There's a number of different possible answers. Small-ball mentality assumes small-ball from the competitor. Scioscia is a former catcher. Angels played teams with high attempted steals frequency more often. Scioscia is stubborn and hates sabermetrics, etc.
However, two options seem most obvious to me: low caught-stealing rates from Angels catchers and slow delivery to the plate/bad pick-off rates from Angels pitchers. The second option is tough to assess given my limited access to stats like Ervin Santana's average time to the plate from the stretch so let's try and tackle to first.
First, take this in: the Angels catchers haven't had a caught stealing percentage that was above league average since 2006. That's a six year drought below league average. Keep that in your pocket as we move on.
In 2012, Angels catchers threw out 24% of potential base-stealers putting them just below the league average of 26%. Despite the low number, did calling a high-number of pitch-outs help the Angels 2012 caught stealing percentage rate?
In 34 pitch-outs, the Angels guessed right 15 times. Unfortunately, Miller doesn't give us in the article how successful the Angels were on those pitch-outs but seeing how he seems like a nice guy, I tweeted him. Voila!
@saxonius 42 of 85 led to CS leaguewide; 42 of 84 when runner stealing second; 7 of 15 for Angels.— Sam Miller (@SamMillerBP) January 15, 2013
7 out of 15 is roughly 50 percent or league average out rate on successfully called pitch-outs. So in total, they threw out 41 base-stealers, with seven of them (we're assuming) coming from a pitch-out.
However, what if Scioscia instead was league average in his calls for a pitch-out? Let's assume he called for 15 pitch outs (2012 league average for former catchers turned managers) instead of the 34 he actually did call for? And what if his accuracy rate was also the league average on pitch-outs at 18% on those 15 pitch-outs? That would result in 2.6 runners. Couple that with the average percentage of runners actually getting caught on a pitch-out (50%) and we talking around one base-stealer getting caught from a pitch-out. So now instead of seven runners thrown out from the pitch-out calls by Angels catchers, now it's only one.

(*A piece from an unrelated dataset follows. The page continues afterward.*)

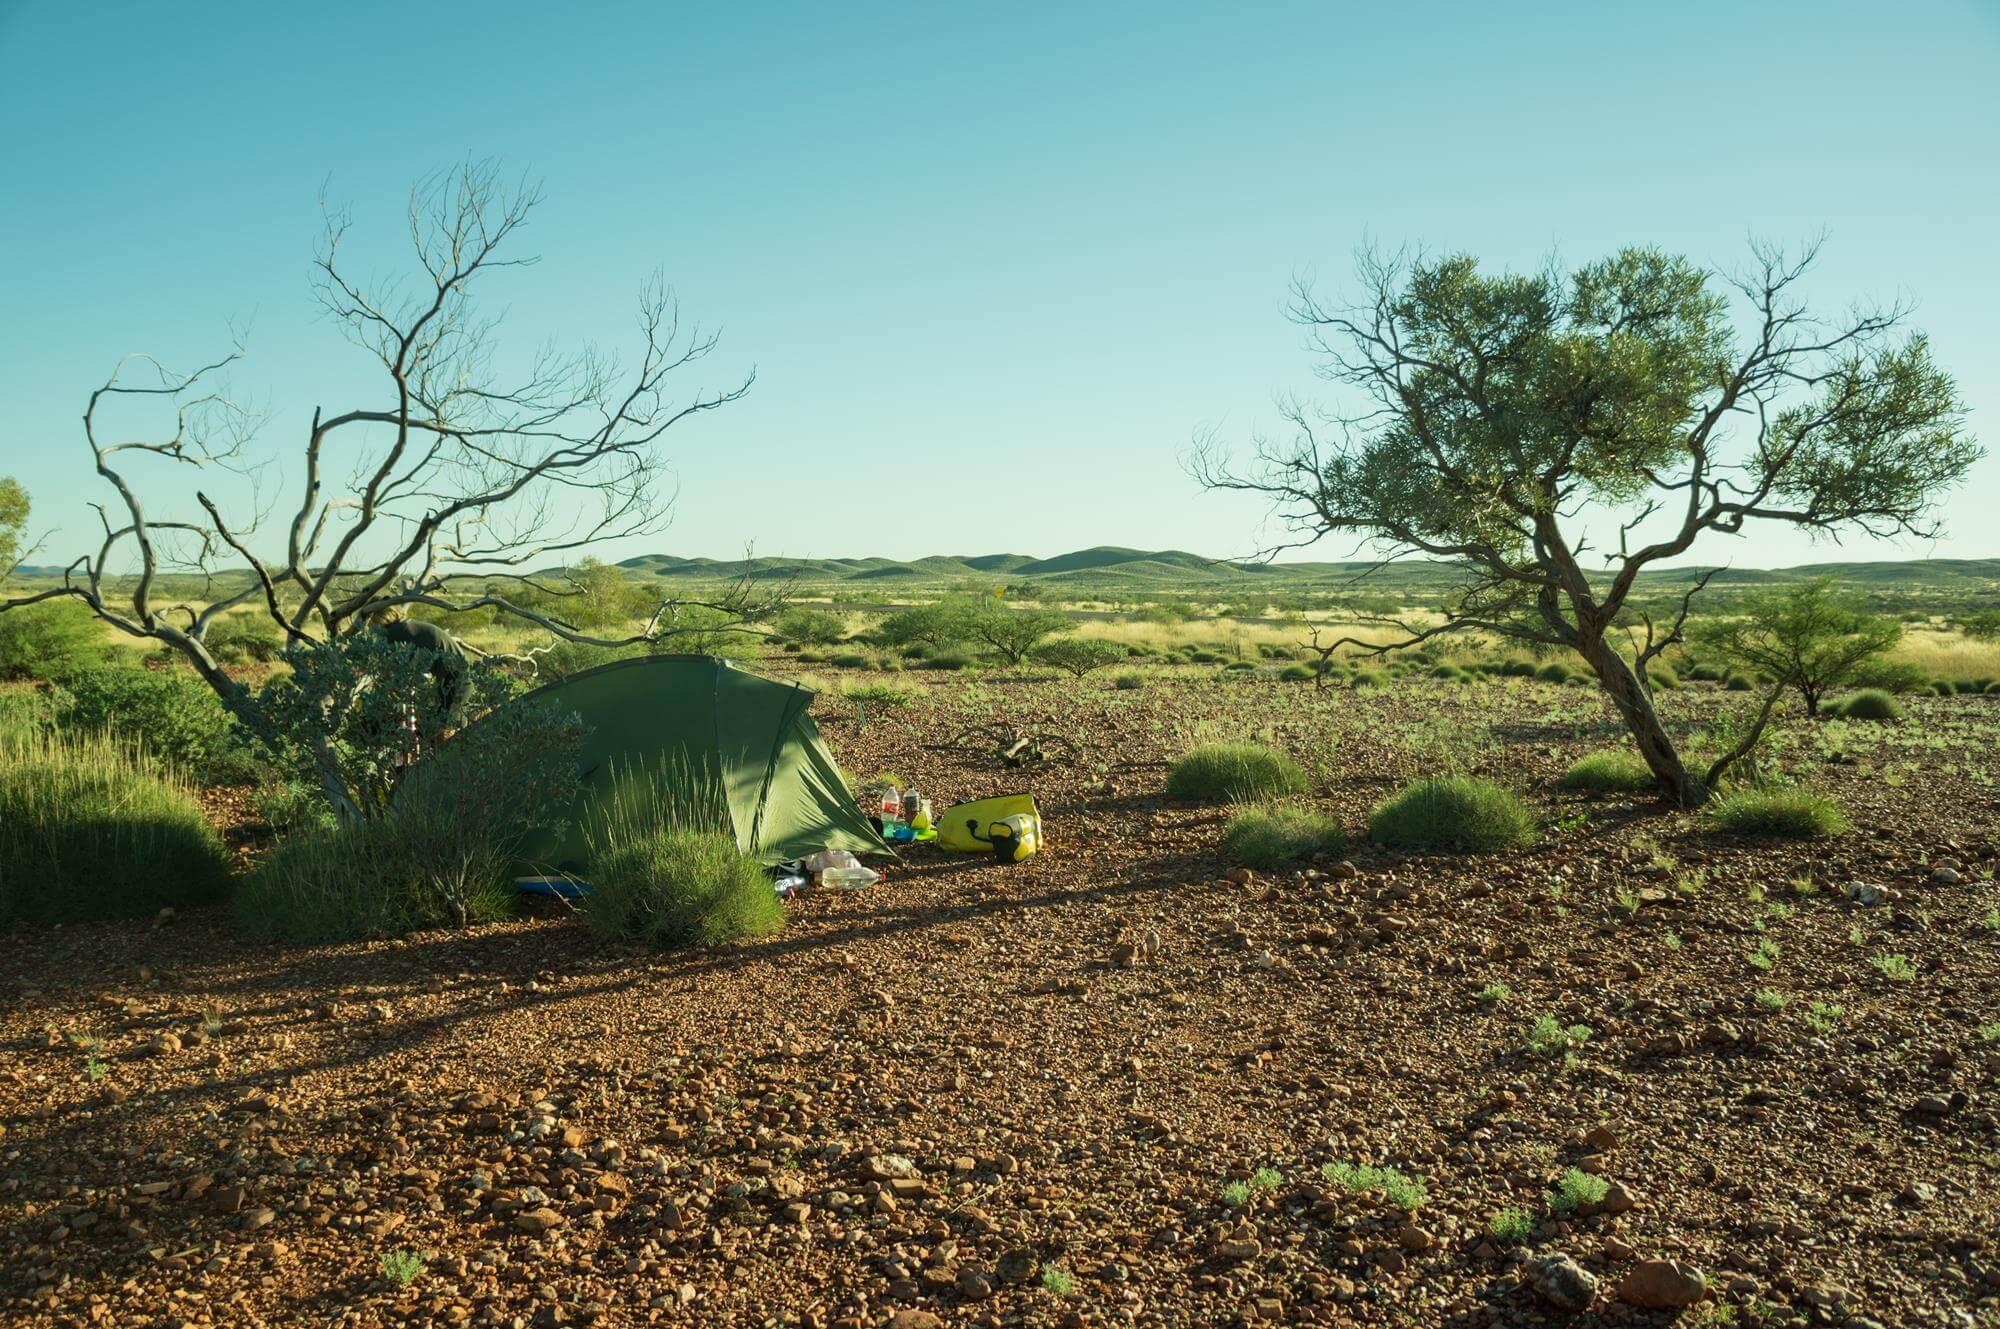 australia-pilbara-przestrzen

In keeping with these league averages, that would leave us 19 attempted steals against the Angels that a pitch-out was not called in 2012. Angels catchers threw out runners at a 27% clip (if we subtract all pitch-outs). 27% of 19 is roughly five. Add in the one base-runner caught during a pitch-out and that's six runners caught.
The result is then that by calling for more pitch outs, Angels catchers threw out a grand total of one more runner than they would have if Scioscia had called (and guess accurately) at a league average rate.

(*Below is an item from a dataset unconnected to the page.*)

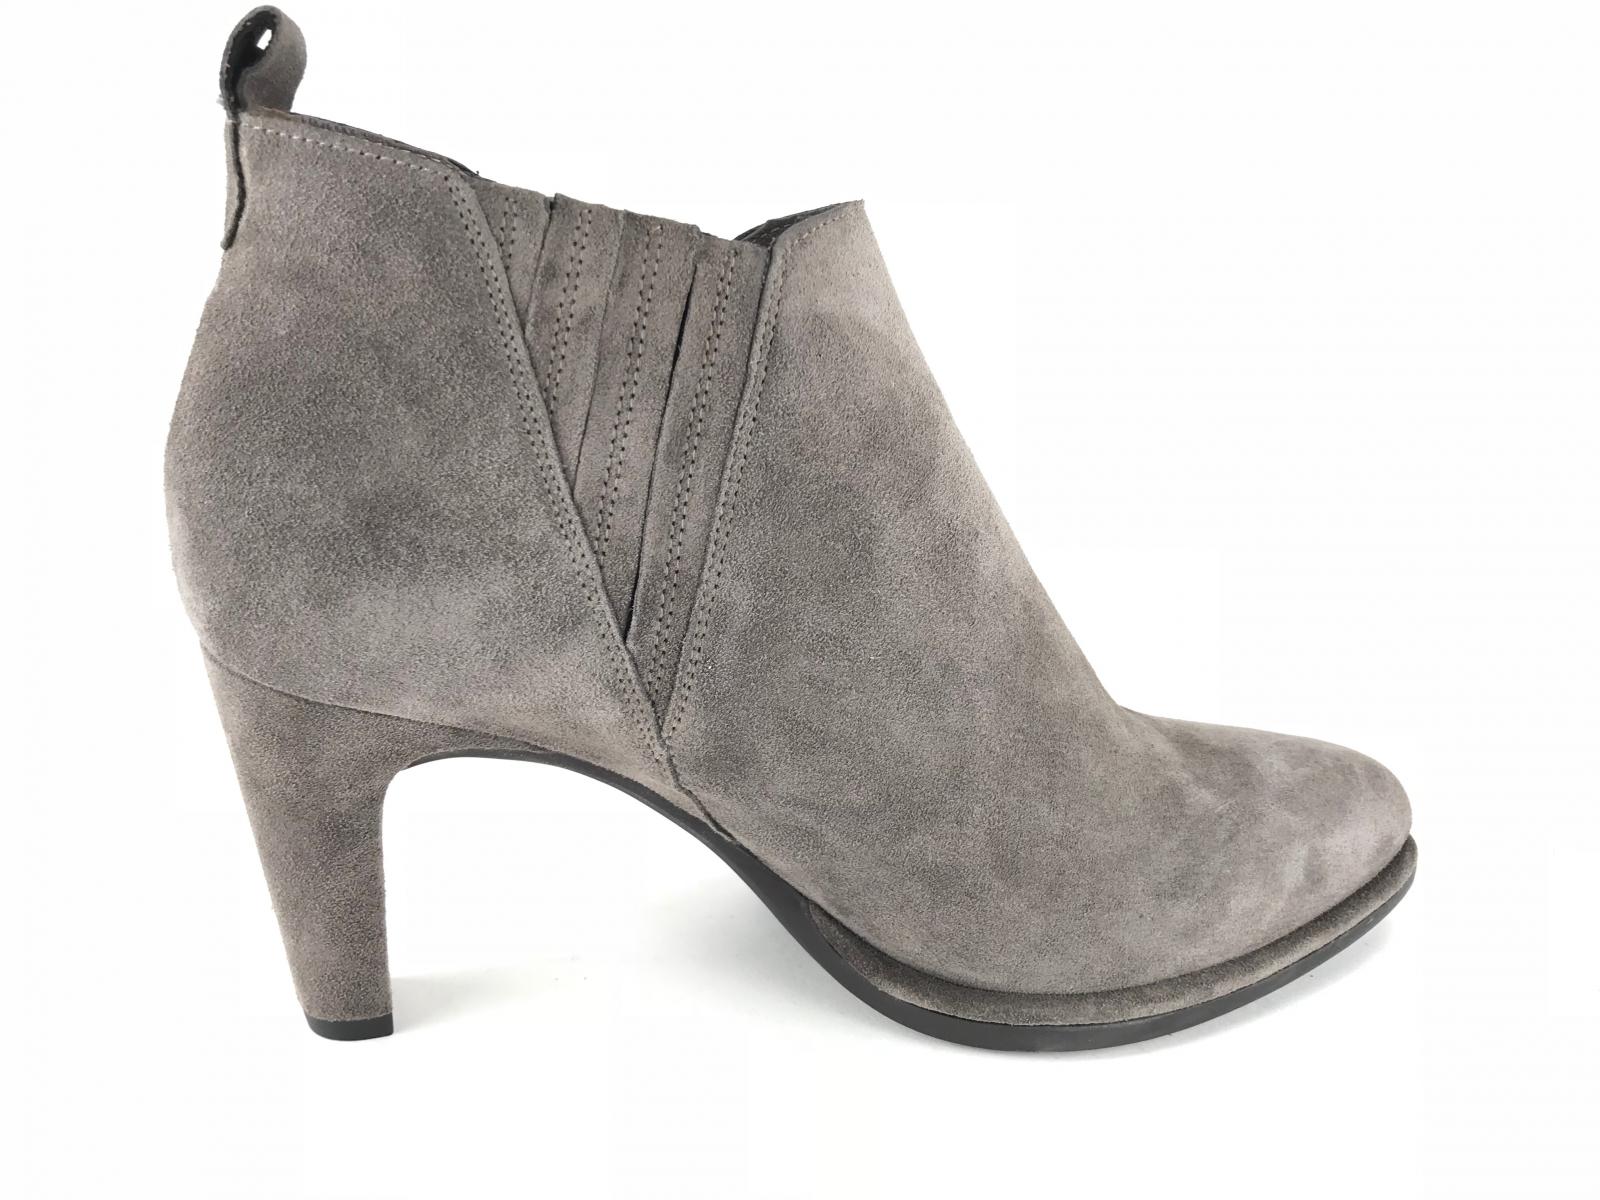 3e6f9c3d76c Wonders støvle - grå - DAME - zjoos-hjoerring.dk

How unexciting for so much math!
It's important to also note that Miller was working with runs in his assessment. I am not. And since runs is the name of the game, an argument can be made (and probably won) that even if one, two or more runners are thrown out by Scioscia's increased (and more accurate) tendency to call for a pitch-out, that it doesn't make a significant difference in runs saved when taking into consideration the value of giving up a strike for the ball that is called when there is a pitch-out.

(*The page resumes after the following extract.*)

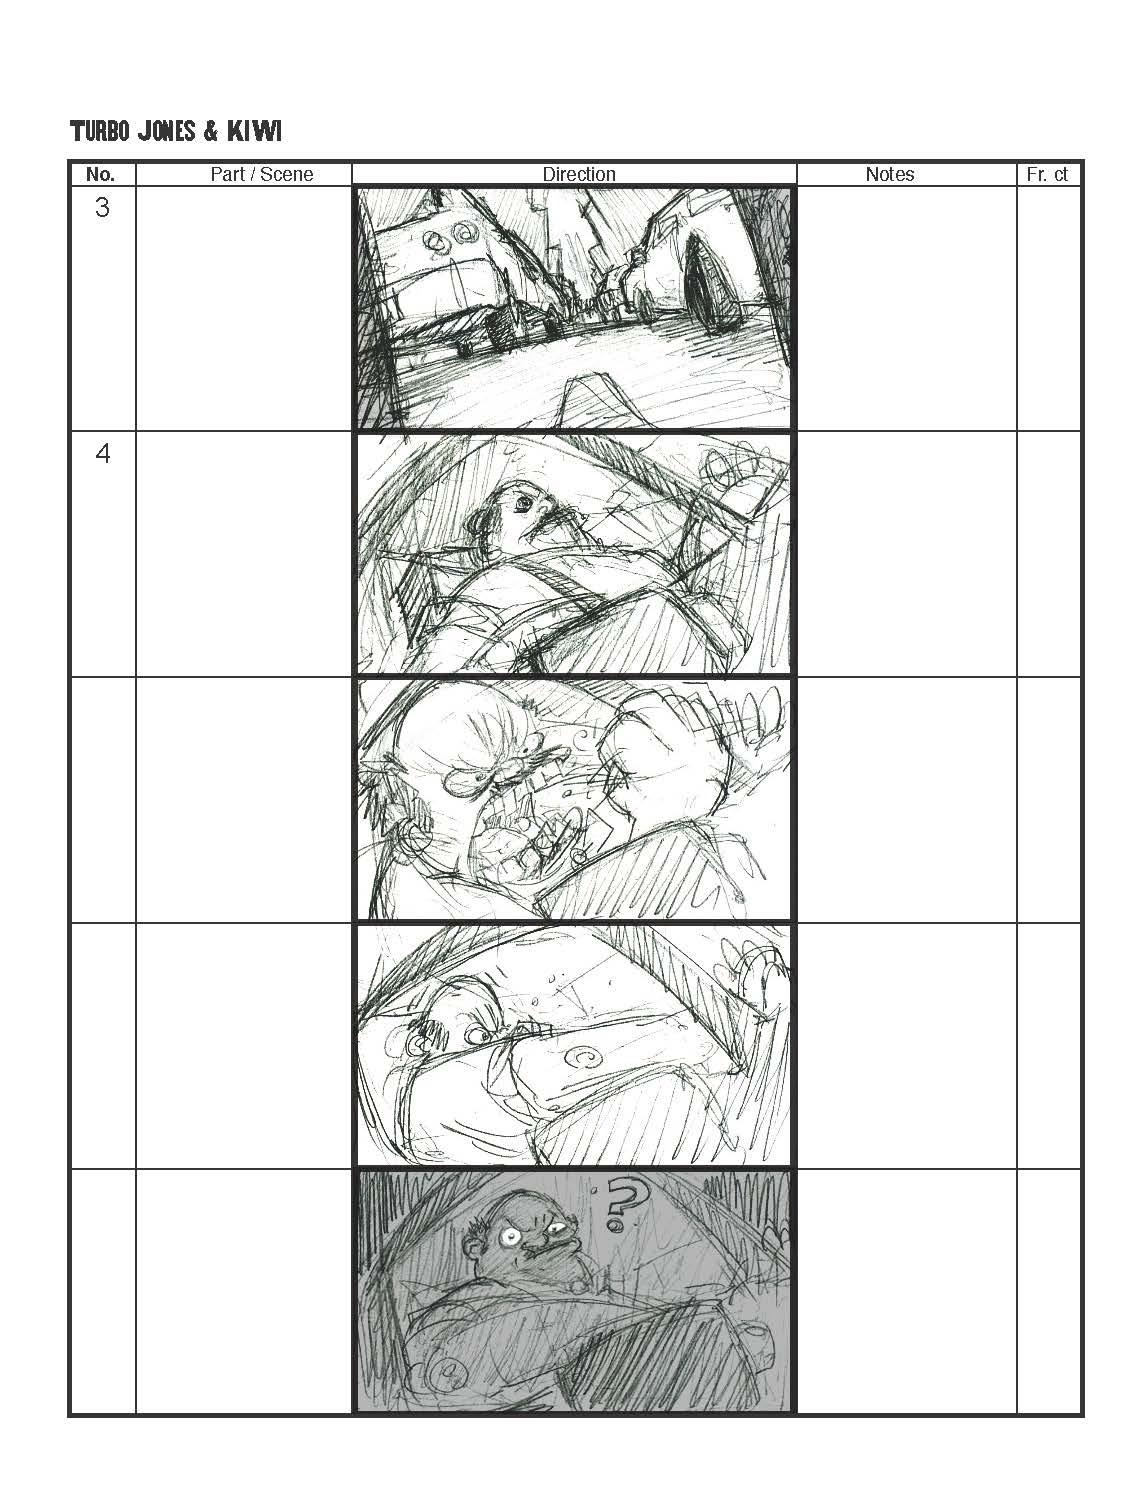 TJK_Storyboards_v01_HIGH_Page_02.jpg

Still, a logic exists. Just take the 50% league average number of base-stealers being thrown out when a pitch-out is called showcases the increased likelihood that a runner gets thrown out and thus, helping your catcher's chances. Considering the Angels lengthy run of poor success rates in the caught-stealing department, Scioscia's decision to call for increased pitch-outs makes a little more sense when viewed in this light.
Now whether Scioscia takes any of this into consideration when calling for a pitch-out is an entirely different story (insert sad-face).
Note: I am no math/statistics badass. See a mistake? Point it out!